Assignment.
Return exactly, please, the line that contains "Hanif Mashal (fourth" and every line after it through the end of the material that follows, leaving pictures aside.

Data section.
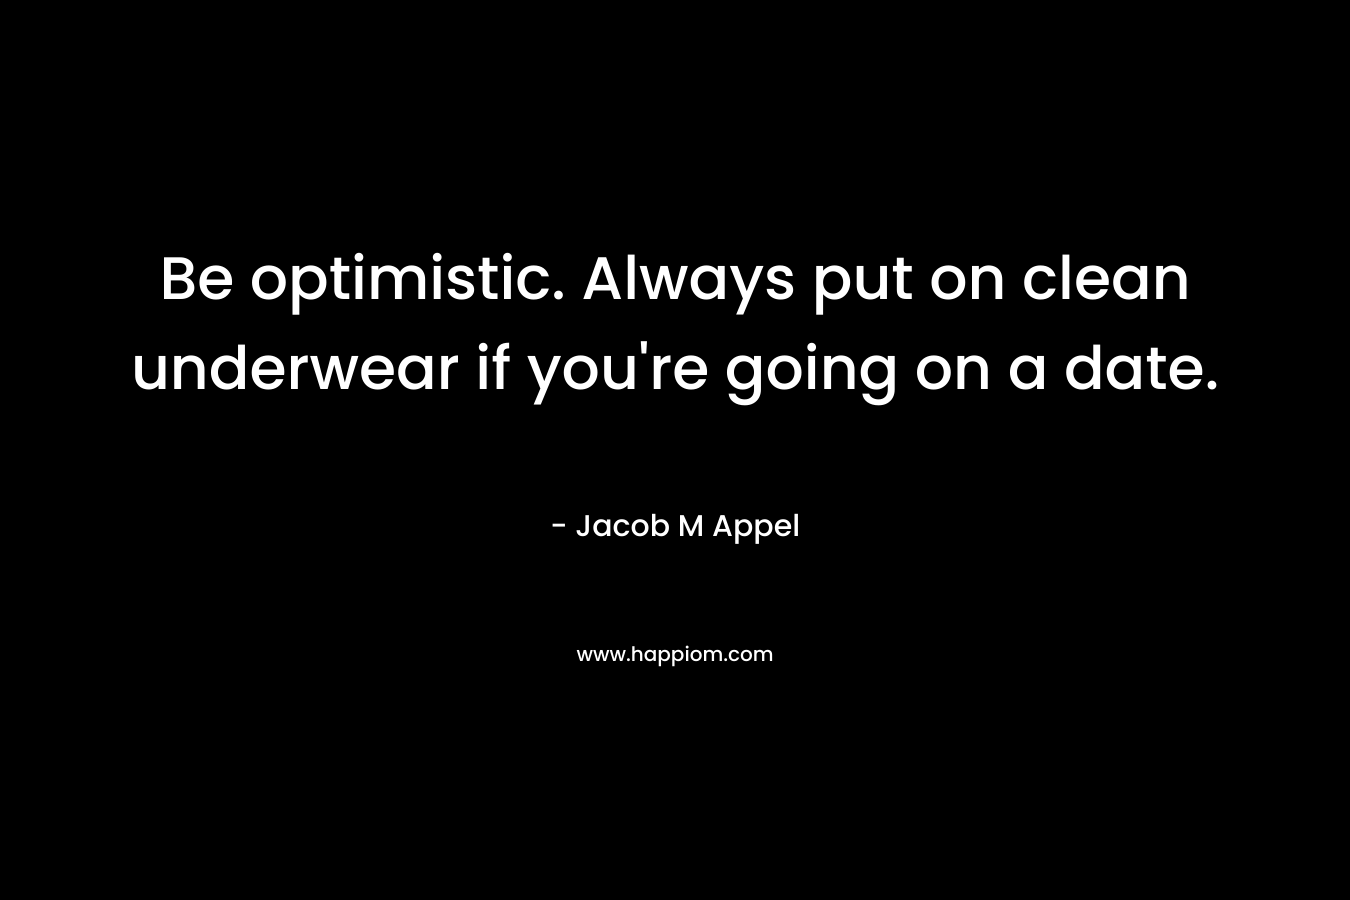 Be optimistic. Always put on clean underwear if you’re going on a date. – Jacob M Appel
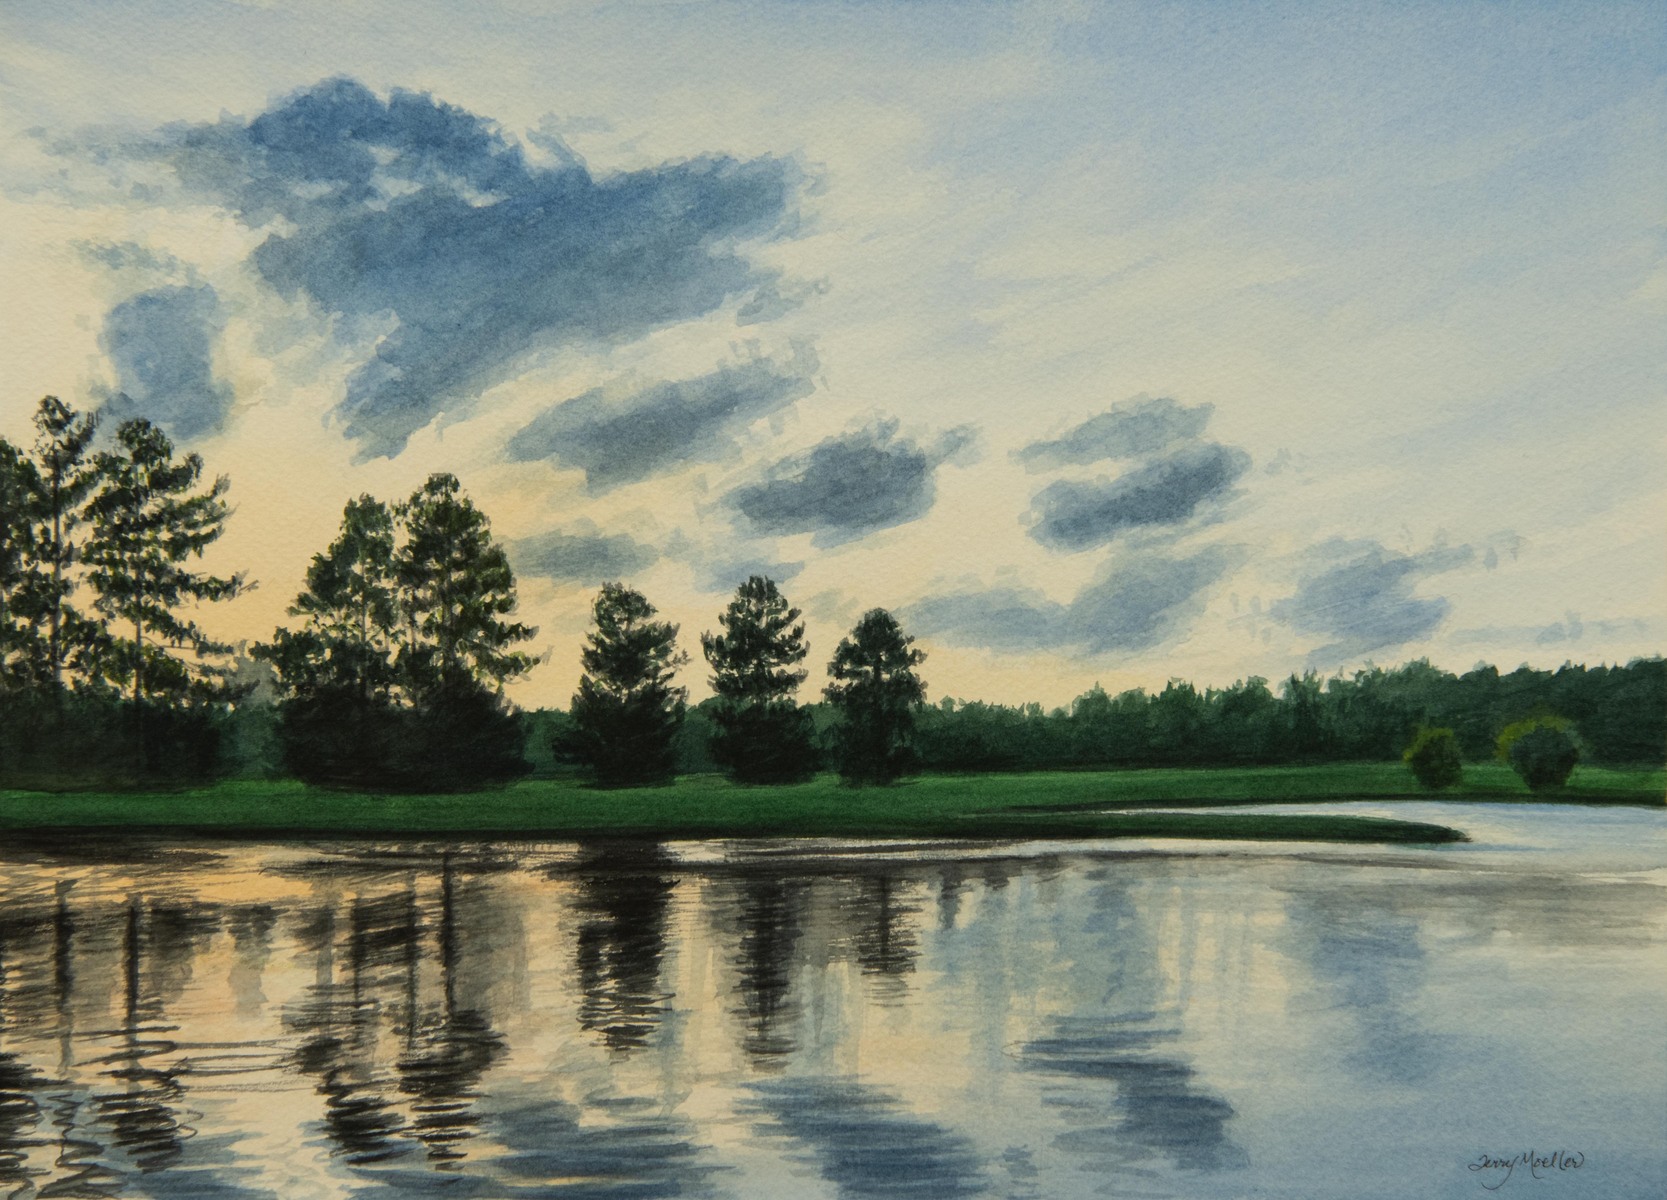 "A Georgia Evening at the Pond"  10.5" X 14"  watercolor on 300 lb. watercolor paper
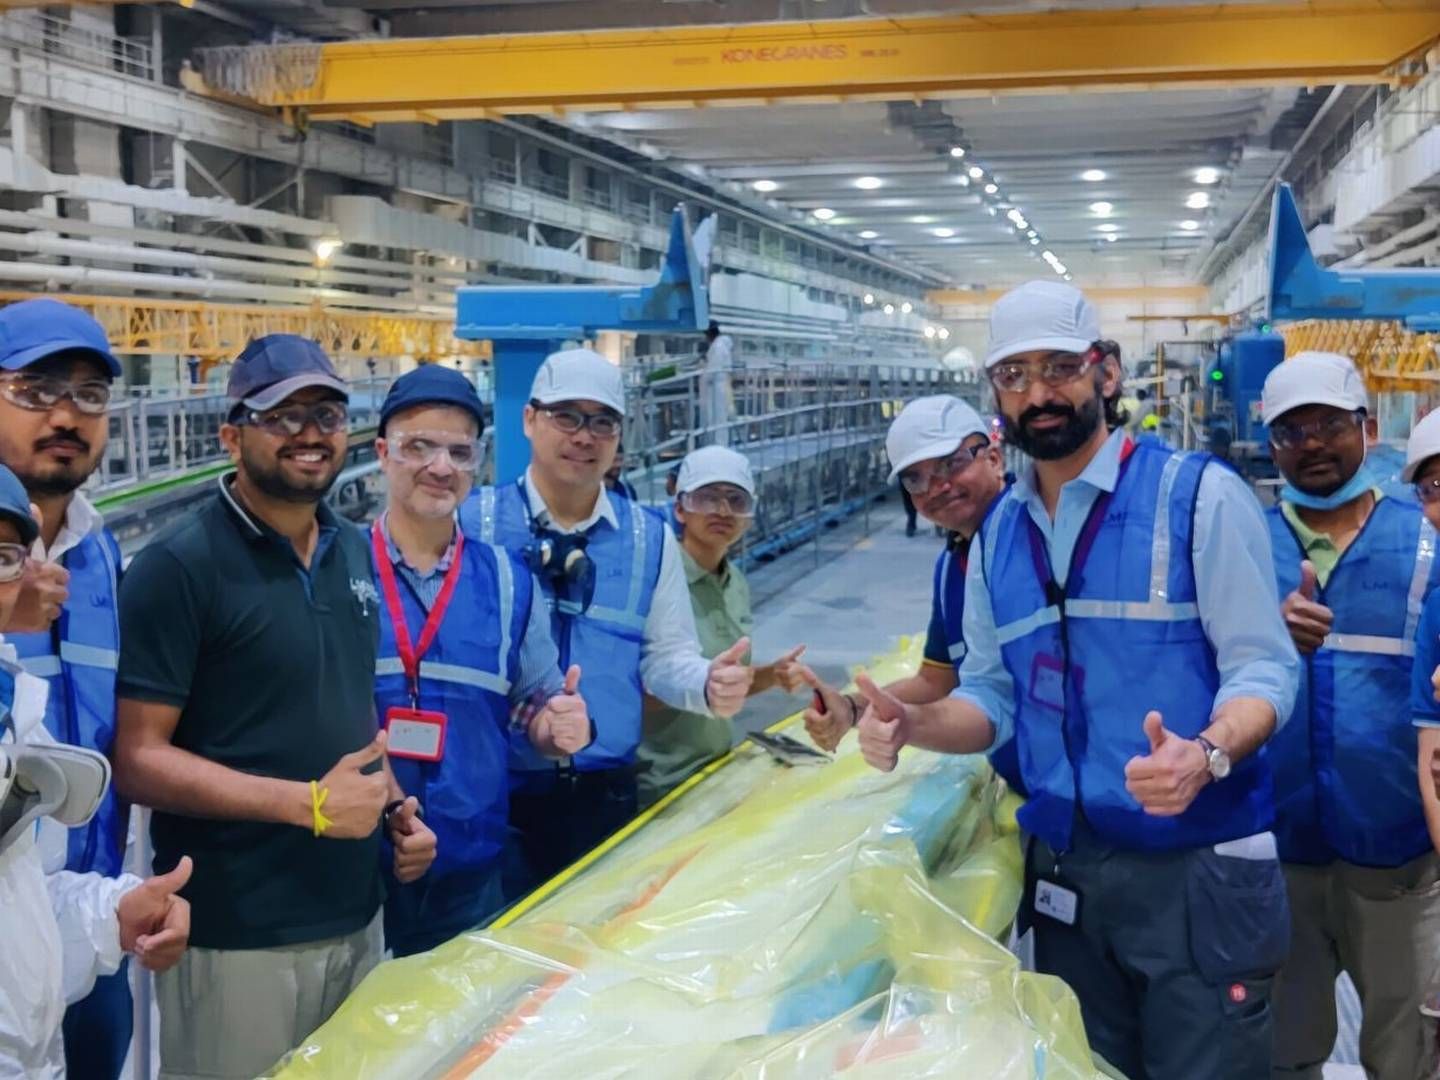 Hanif Mashal (fourth from the right), along with other members of LM's management team, toured a number of blade factories earlier this month. | Photo: Lm Wind Power
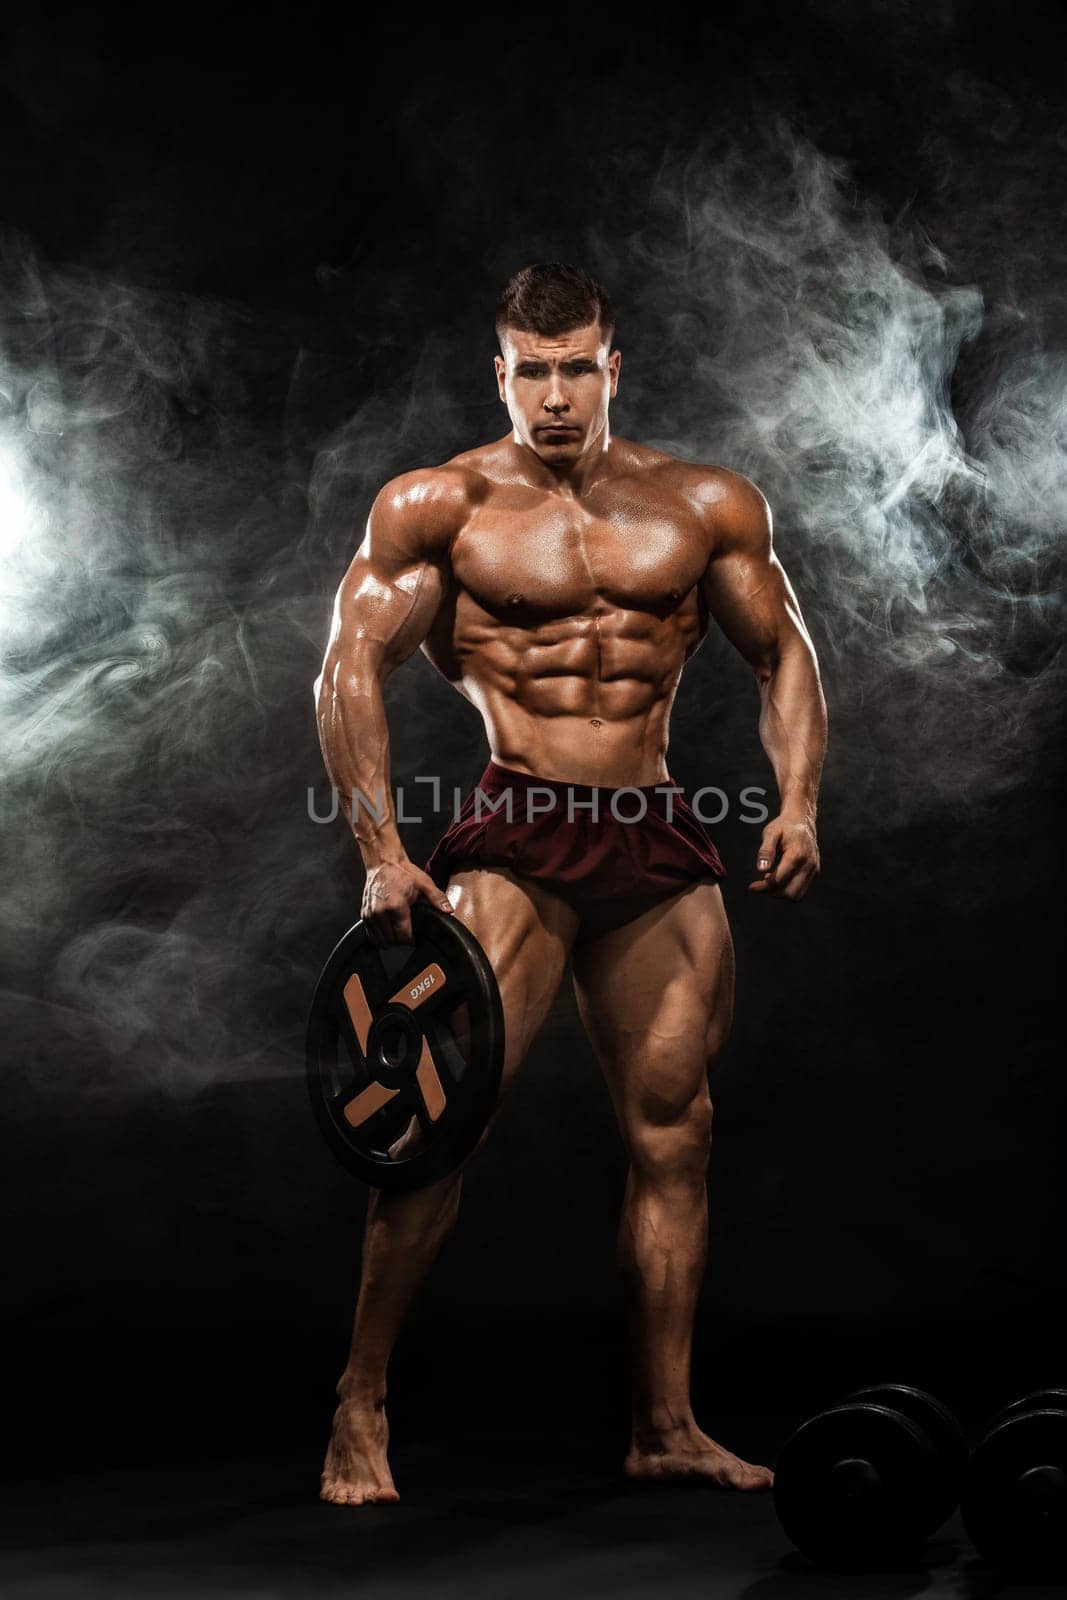 Brutal strong muscular bodybuilder athletic man pumping up muscles with barbell on black background. Workout bodybuilding concept. Copy space for sport nutrition ads. by MikeOrlov

Output for this task.
 Hanif Mashal (fourth from the right), along with other members of LM's management team, toured a number of blade factories earlier this month. | Photo: Lm Wind Power
 Brutal strong muscular bodybuilder athletic man pumping up muscles with barbell on black background. Workout bodybuilding concept. Copy space for sport nutrition ads. by MikeOrlov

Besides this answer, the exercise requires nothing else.